Exercise requirements:
Your answer should consist of the lines below that hold the word "with".

### Data for the task ###

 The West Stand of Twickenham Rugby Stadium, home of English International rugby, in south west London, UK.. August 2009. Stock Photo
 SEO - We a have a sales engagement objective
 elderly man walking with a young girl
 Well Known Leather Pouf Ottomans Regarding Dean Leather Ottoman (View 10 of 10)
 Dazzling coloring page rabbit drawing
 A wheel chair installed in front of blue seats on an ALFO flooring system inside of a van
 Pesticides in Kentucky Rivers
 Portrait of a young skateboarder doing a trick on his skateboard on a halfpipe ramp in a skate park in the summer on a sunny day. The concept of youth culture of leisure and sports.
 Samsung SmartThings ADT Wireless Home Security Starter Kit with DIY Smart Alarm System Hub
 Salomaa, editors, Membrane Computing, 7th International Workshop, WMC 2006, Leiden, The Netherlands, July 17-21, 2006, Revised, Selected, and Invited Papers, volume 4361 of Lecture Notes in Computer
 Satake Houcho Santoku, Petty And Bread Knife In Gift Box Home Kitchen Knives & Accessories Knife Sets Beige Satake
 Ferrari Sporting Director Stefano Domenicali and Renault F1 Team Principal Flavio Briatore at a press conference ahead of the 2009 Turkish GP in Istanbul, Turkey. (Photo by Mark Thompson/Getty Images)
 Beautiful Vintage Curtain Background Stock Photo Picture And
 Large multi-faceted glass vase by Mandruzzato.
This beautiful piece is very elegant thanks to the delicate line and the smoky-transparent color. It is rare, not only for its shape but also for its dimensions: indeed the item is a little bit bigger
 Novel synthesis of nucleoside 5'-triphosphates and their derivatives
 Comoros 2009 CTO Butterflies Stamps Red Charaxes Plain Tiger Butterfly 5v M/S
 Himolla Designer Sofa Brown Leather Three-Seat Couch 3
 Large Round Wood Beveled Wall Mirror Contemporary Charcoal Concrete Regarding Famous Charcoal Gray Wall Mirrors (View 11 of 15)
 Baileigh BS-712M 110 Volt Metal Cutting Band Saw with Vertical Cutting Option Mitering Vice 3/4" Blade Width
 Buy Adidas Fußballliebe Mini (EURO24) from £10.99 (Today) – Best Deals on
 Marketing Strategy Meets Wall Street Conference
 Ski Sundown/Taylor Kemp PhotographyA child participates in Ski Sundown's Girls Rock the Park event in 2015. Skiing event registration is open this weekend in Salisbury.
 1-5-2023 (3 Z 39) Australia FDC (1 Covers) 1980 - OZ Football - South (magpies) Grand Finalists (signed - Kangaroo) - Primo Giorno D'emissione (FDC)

###

Your response:
 elderly man walking with a young girl
 Samsung SmartThings ADT Wireless Home Security Starter Kit with DIY Smart Alarm System Hub
 Baileigh BS-712M 110 Volt Metal Cutting Band Saw with Vertical Cutting Option Mitering Vice 3/4" Blade Width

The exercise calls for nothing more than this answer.